During MMR, a MutS heterodimer binds to DNA mismatches (4). Upon binding, the MutS undergoes an ADP to ATP exchange and a conformational change, followed by recruitment of MutLα, MutLβ, or MutLγ. The MutL complexes cleave the defective strand near the mismatch site. The MutS-MutL complex then recruits an exonuclease, subsequently leading to strand-specific excision. PCNA coordinates with the exonuclease to excise the mismatch-containing region. The removed DNA fragment is resynthesized by DNA polymerase δ and the repair process is completed by DNA ligase.

In addition to MMR, MLH1 functions in meiotic recombination. MutLγ localizes to sites of crossing over in the meiotic chromosomes (5), and is required for oocytes to progress through metaphase II of meiosis (6). Male and female Mlh1-deficient (Mlh1^-/-) mice exhibited infertility (5;7) and premature death. The Mlh1^-/- mice showed reduced level of chiasmata (5;8)fa. The chromosomes in Mlh1^-/- sperm separate prematurely during spermatogenesis. In addition, the first division of meiosis is frequently arrested (5).
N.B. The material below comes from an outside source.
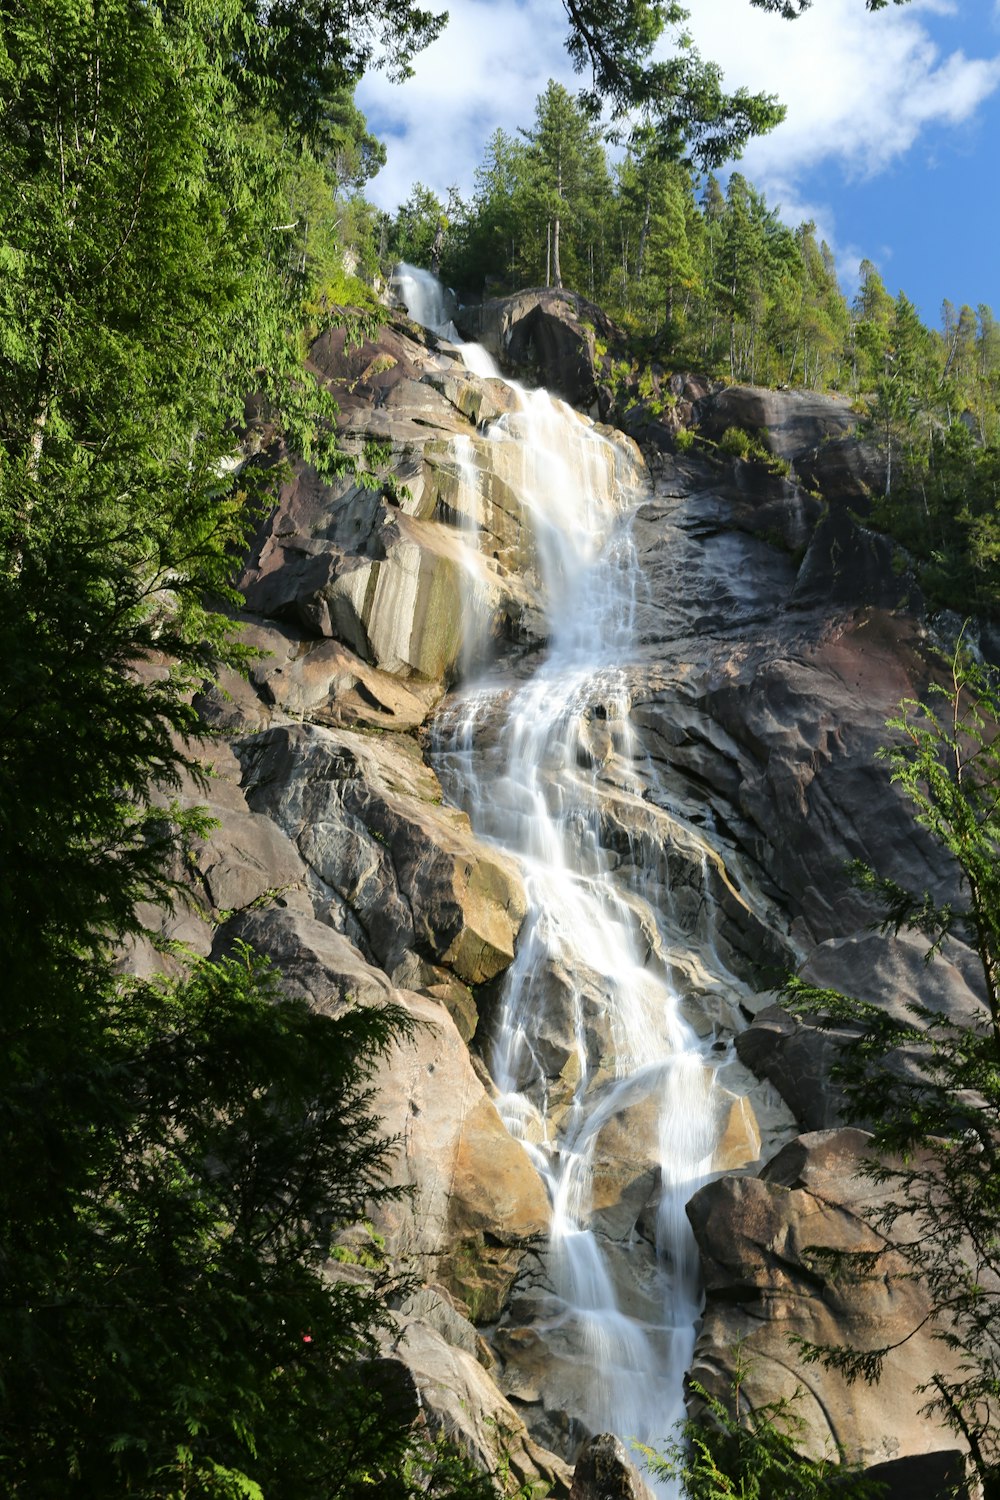 waterfalls

Mutations in MLH1 are linked to hereditary nonpolyposis colorectal cancer type 2 (HNPCC2; OMIM: # 609310; (9)), mismatch repair cancer syndrome (OMIM: #276300; (10)), and Muir-Torre syndrome (OMIM: #158320; (11)). Muir-Torre syndrome is an autosomal dominant disorder characterized by development of sebaceous gland tumors and skin cancers, including keratoacanthomas and basal cell carcinomas. Patients can manifest a wide spectrum of internal malignancies, which include colorectal, endometrial, urologic, and upper gastrointestinal neoplasms. Mlh1^-/- mice exhibit increased incidences of intestinal adenocarcinomas and adenomas, uterus tumor incidence, skin tumor incidence, and lymphoma incidence (7;12-15).

PCR program

1) 94°C 2:00
2) 94°C 0:30
3) 55°C 0:30
4) 72°C 1:00
5) repeat steps (2-4) 40x
6) 72°C 10:00
7) 4°C hold

The following sequence of 456 nucleotides is amplified (chromosome 9, - strand):

1   tttagagcgg gacagagatc ccaggaactg acgtgtaaaa gcgcttgact ggcattcatg
61  ctgcccaatc agcacttgcc gctgggaaga cggcgcagga ctgcagtcgg ccgaagctga
121 aggaagaact tgagcgtgag gagctcgagt gattggctga ctgggaactc gggcgccaat
181 atggcgtttg tagcaggagt tattcggcgt ctggacgaga cggtagtgaa ccgcatagcg
241 gcgggggaag tcattcagcg gccggccaat gctatcaaag agatgataga aaactggtac
301 ggagggagcg gagccgagtt ccccgactga gagccggggc gggccgaccc acctgctgca
361 gtcggccacc gtgcggggca ccgagcacgg ggaccgtggg ggcatcgggc acagggaccc
421 tgcgcgtgcc aggctggttt cccattatgc acacgg

Primer binding sites are underlined and the sequencing primers are highlighted; the mutated nucleotide is shown in red.